Rotina: Comunismo dos genocídios é uma deturpação

13
441

Geralmente, quando comunistas são questionados a respeito dos mais de 100 milhões de mortos em nações como Rússia, China, Cambodja e outras, eles afirmam algo do tipo:

  • “O que você critica não é o comunismo, mas sim uma deturpação do mesmo.”
  • “O marxismo de verdade jamais ocorreu. O que se viu ali foi uma deturpação das idéias de Marx.”
  • “O estado de Marx não devia existir, pois o povo deveria ser auto-regulado.”

Esse discurso de defesa tem uma estrutura básica: Dizer que coisas como genocídios na Rússia e China não são eventos causados pelo comunismo, pois “o comunismo não é totalitário, já que é sociedade sem classes”.
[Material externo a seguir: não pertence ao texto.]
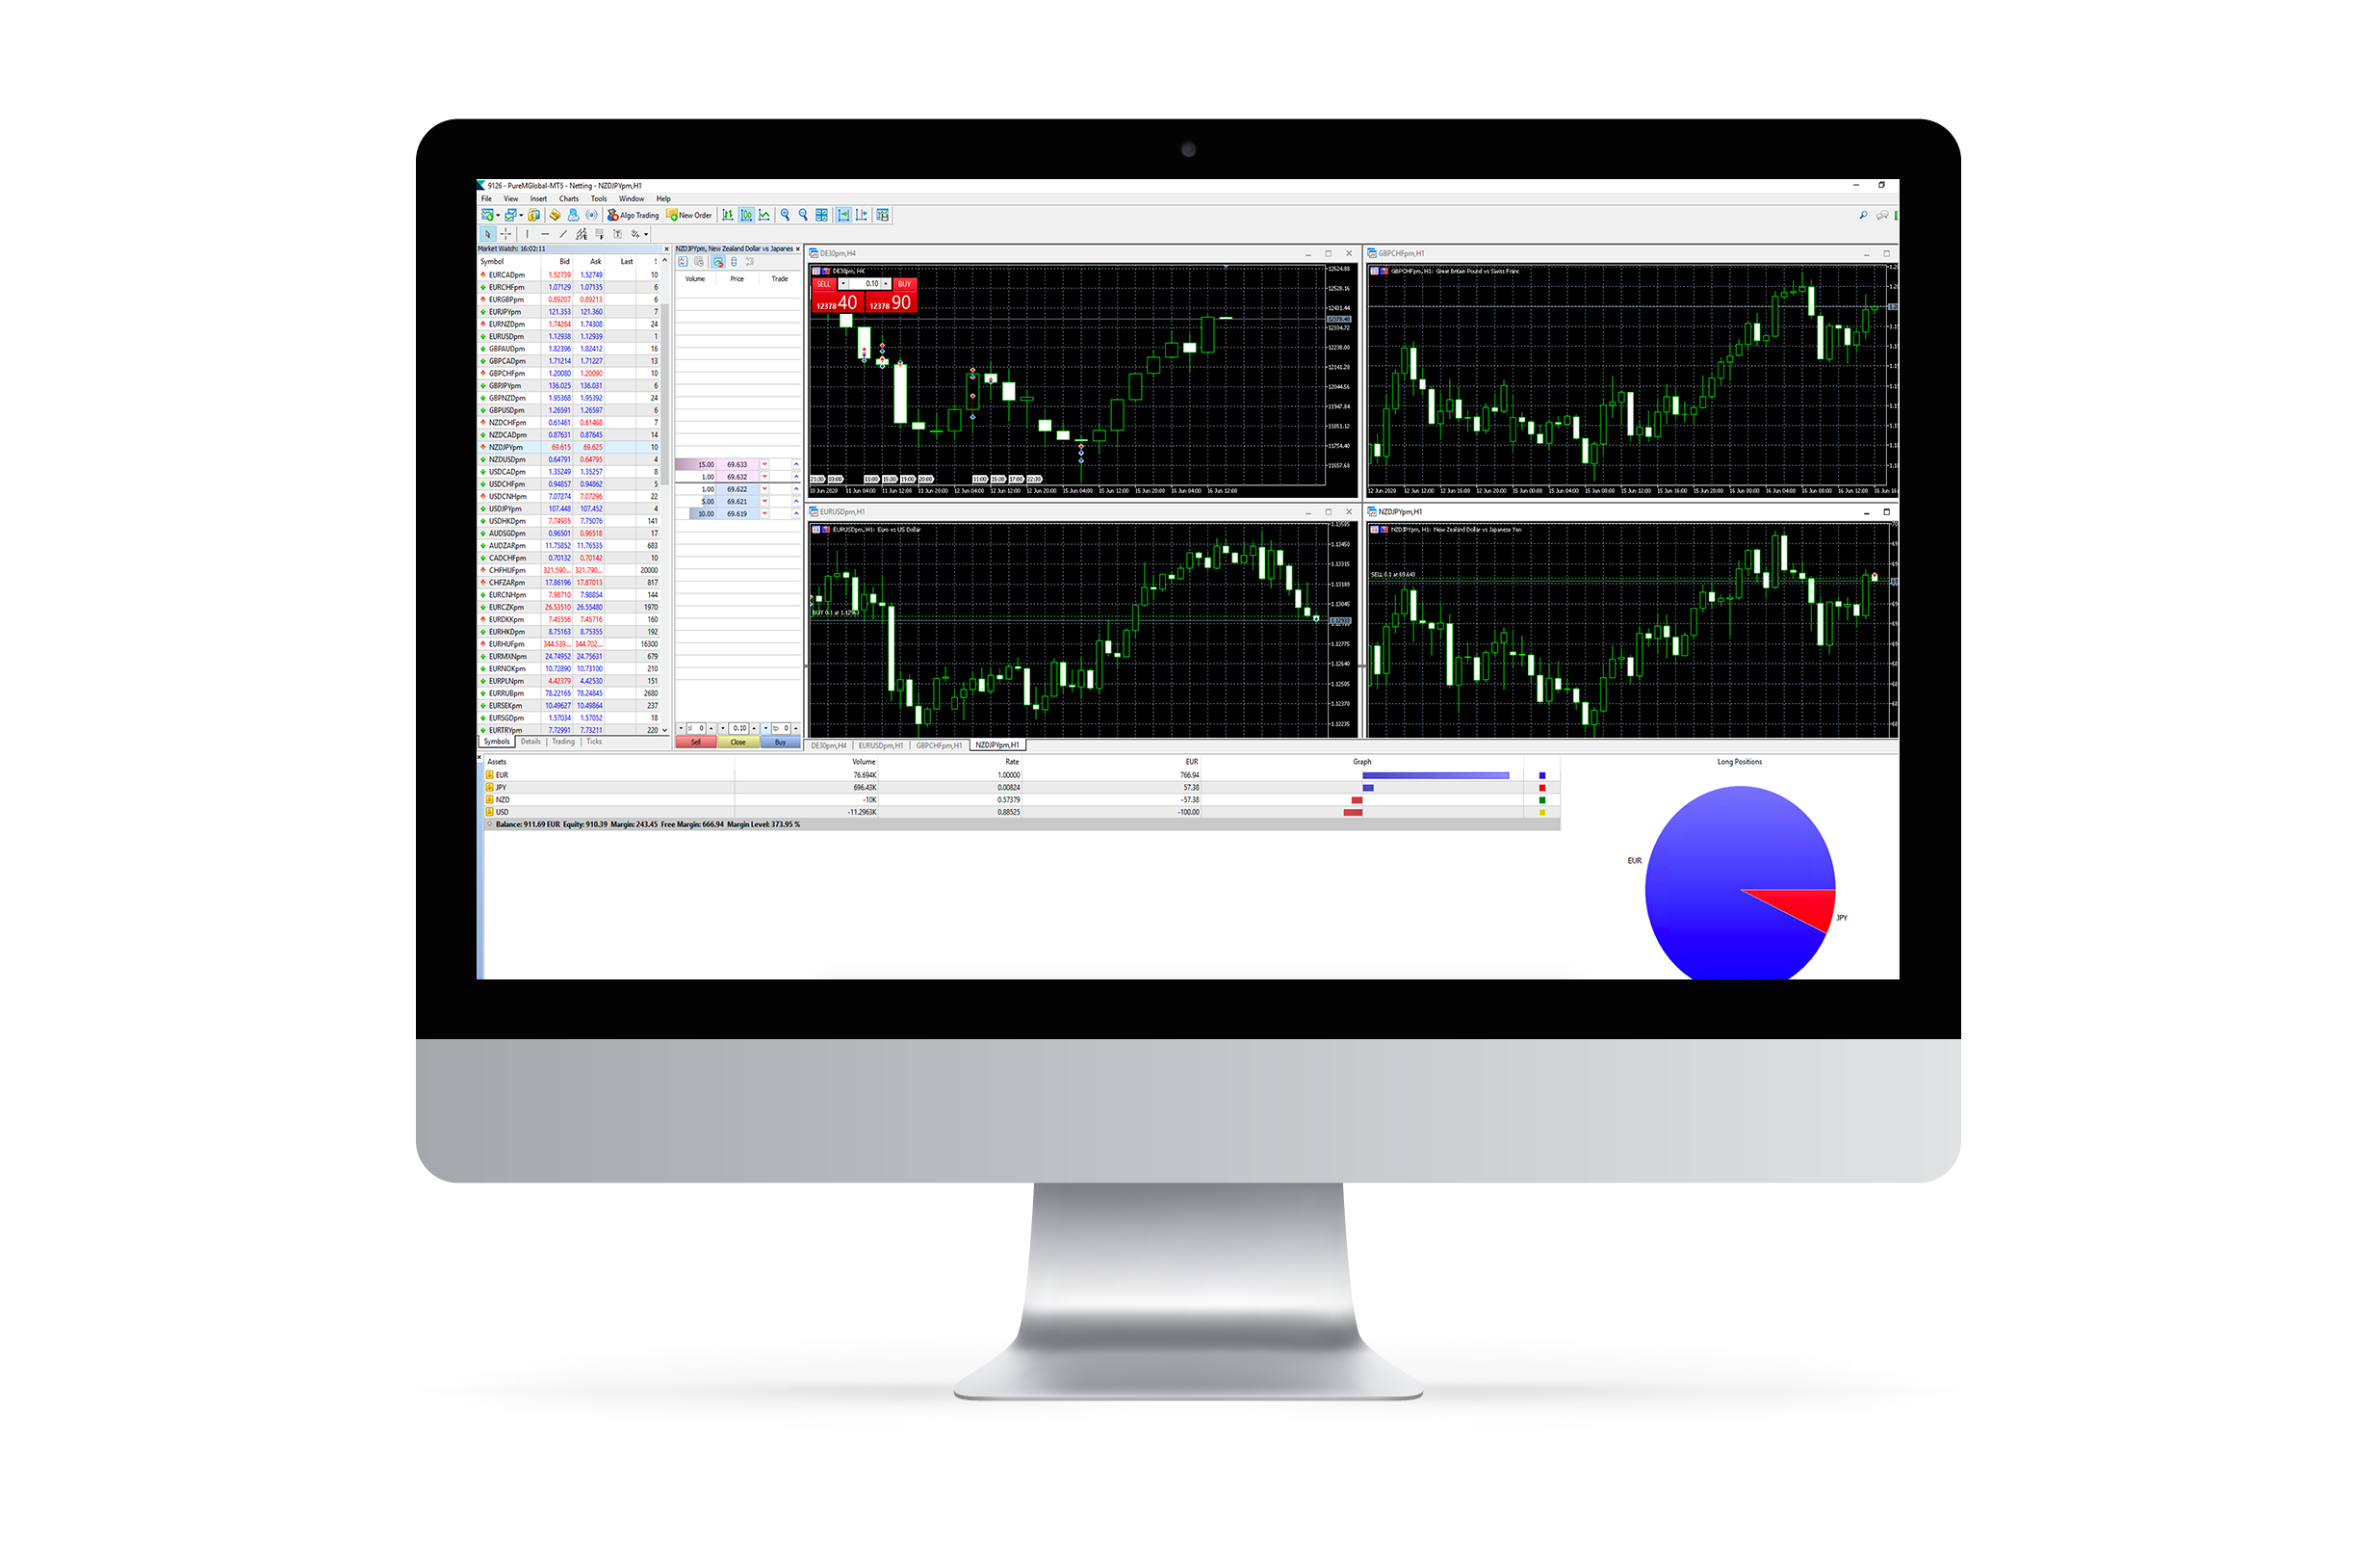 Download the MetaTrader 5 trading platform for free

Em tese, tudo muito bonitinho, não fosse o fato de que o próprio marxismo já previa a Ditadura do Proletariado, que faria a estatização dos meios de produção por meios revolucionários internos. Um exemplo seria a Rússia. Marx também dizia que esta Ditadura do Proletariado serviria, enfim, para criar essa sociedade sem classes, e então transferir o poder ao povo. *suspiros*

Vamos transcrever como é então a teoria marxista APLICADA:

  1. O ser humano é bom, mas a sociedade é corrupta, portanto corrompe o homem. (by Rousseau)
  2. Sendo assim, instala-se a Ditadura do Proletariado.
  3. Esta Ditadura do Proletariado corrige as chagas sociais, e, em seguida, com as chagas sociais já corrigidas, o homem bom viverá no mundo bom, pois esta Ditadura do Proletariado transferirá o poder ao homem, todos agora bons.

Não dá para dourar a pílula, mas esses são os fatos. É exatamente essa a proposta marxista. Só que a premissa 1 é assumida pela população, e então executa-se o passo 2, perfeitamente conforme diz Marx. Isso é exatamente o que ocorreu na Rússia, na China, no Cambodja…

E por que o passo 3 não ocorreu? É claro que o ser humano não é “bom”. Ele contém elementos de empatia, é claro, mas também contém elementos predatórios. São esses elementos unificados que fizeram com que nossa espécie se tornasse um sucesso evolutivo. Isso significa que a premissa 1 estava errada.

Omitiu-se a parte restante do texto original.